И вот мимо уже потянулись ряды приземистых толстостенных пакгаузов, лишенных окон, глухие стены заводов и причудливые, оплетенные многочисленными трубами корпуса фабрик, сбрасывающих в реку ядовитые отходы производства. Это был еще не Кроненбург, но уже его пригород. Воздух пропитался характерным смрадом, поднимающимся от загрязненной воды, и тонкая кисея дыма опутала нас, как неуловимые полупрозрачные тенета. На весла уселись Клаус и Уолли – не то чтобы в этом была нужда, но им тоже хотелось поразмять кости. Мы с Фроки пристроились рядом на баке, и мой массивный спутник вынул из-под холстины топор и принялся деловито елозить по лезвию точильным камнем, который, судя по всему, постоянно таскал с собой. В который раз я залюбовался этим грозным оружием, соединившим красоту и смертоносность, его резной рукоятью и причудливой вязью рун, вытравленных на металле.

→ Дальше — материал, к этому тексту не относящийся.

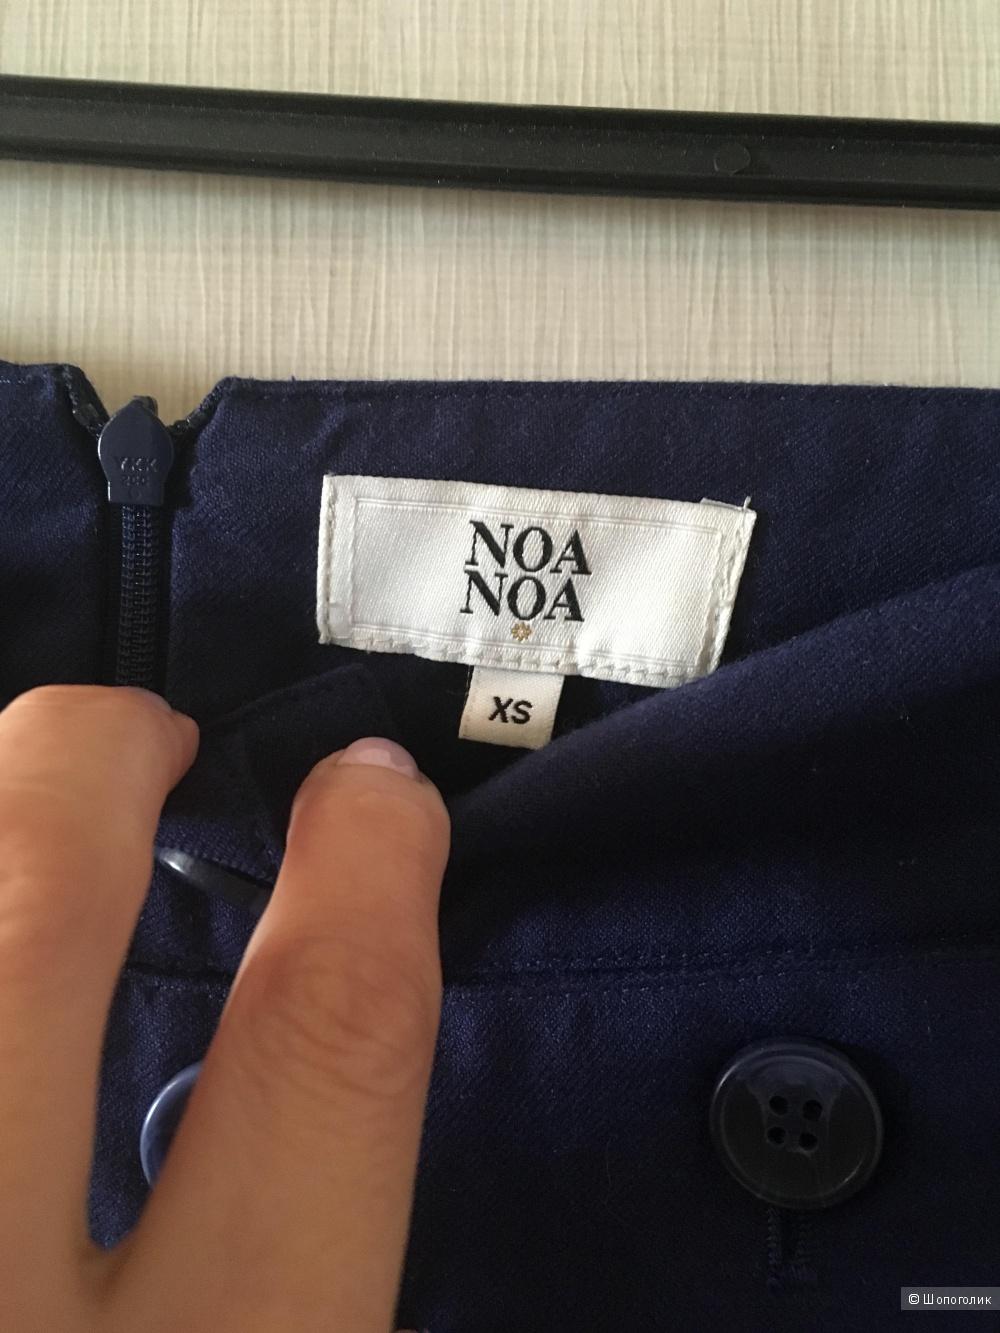 Брюки NOA NOA, размер XS

– Давно у тебя эта штука? – спросил я.

– С самого детства, – Фроки сосредоточенно взмахнул точилом, и лезвие ответило на прикосновение высокой нотой.

– Где взял?

– Долгая история…. Слышал когда-нибудь про Альтейна?

– Средневекового охотника на вампиров? Читал пару саг, в которых он упоминался.

– Так вот, это его топор.

– Шутишь? – я недоверчиво скосился на Фроки, но тот оставался абсолютно серьезным.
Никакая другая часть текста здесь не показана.